[Start of Attachment]
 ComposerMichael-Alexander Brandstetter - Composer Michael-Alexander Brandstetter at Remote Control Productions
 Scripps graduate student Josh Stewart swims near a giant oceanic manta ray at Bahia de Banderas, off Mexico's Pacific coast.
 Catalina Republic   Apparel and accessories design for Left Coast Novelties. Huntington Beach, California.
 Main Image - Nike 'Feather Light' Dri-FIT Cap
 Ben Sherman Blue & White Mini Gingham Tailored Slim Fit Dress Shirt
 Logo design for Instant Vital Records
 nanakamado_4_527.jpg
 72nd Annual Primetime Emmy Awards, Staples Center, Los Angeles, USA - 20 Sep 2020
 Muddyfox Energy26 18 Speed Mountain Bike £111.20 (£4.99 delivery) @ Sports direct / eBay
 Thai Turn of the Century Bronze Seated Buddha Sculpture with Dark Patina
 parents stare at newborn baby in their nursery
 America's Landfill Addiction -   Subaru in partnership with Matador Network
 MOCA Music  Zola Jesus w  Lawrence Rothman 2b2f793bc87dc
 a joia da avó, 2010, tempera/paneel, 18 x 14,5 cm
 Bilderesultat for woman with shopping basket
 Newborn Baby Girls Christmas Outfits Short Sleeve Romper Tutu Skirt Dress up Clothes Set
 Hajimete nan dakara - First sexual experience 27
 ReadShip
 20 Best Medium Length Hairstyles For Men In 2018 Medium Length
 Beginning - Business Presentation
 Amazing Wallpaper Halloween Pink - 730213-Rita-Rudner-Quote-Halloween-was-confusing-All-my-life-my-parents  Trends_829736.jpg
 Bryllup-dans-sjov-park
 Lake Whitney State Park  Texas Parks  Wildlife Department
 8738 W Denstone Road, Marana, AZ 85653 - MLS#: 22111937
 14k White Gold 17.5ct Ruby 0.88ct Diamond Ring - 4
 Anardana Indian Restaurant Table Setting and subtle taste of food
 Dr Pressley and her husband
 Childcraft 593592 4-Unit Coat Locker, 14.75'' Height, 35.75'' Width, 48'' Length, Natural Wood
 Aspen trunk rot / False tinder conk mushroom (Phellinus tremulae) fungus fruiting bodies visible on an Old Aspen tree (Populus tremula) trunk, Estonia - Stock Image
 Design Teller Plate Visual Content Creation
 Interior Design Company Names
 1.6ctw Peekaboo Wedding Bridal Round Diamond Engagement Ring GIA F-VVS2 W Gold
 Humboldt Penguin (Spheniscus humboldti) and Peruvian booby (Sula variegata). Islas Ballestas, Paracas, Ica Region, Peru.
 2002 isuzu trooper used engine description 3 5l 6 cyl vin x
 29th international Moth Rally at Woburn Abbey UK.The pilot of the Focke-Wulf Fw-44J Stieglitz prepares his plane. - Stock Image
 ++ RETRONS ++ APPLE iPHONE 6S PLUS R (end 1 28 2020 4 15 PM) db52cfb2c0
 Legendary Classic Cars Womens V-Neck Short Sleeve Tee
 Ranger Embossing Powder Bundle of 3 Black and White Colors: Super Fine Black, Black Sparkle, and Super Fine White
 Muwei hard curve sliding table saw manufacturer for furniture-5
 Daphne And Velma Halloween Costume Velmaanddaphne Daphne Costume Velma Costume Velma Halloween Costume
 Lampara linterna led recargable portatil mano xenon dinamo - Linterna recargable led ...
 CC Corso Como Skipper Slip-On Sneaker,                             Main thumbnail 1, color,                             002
[End of Attachment]
# TASK OBJECTIVE
Repeat exactly, and only, the lines from the line containing "15 PM) db52cfb2c0" through the last line of the records above, both included.

# EXERCISE ANSWER
 ++ RETRONS ++ APPLE iPHONE 6S PLUS R (end 1 28 2020 4 15 PM) db52cfb2c0
 Legendary Classic Cars Womens V-Neck Short Sleeve Tee
 Ranger Embossing Powder Bundle of 3 Black and White Colors: Super Fine Black, Black Sparkle, and Super Fine White
 Muwei hard curve sliding table saw manufacturer for furniture-5
 Daphne And Velma Halloween Costume Velmaanddaphne Daphne Costume Velma Costume Velma Halloween Costume
 Lampara linterna led recargable portatil mano xenon dinamo - Linterna recargable led ...
 CC Corso Como Skipper Slip-On Sneaker,                             Main thumbnail 1, color,                             002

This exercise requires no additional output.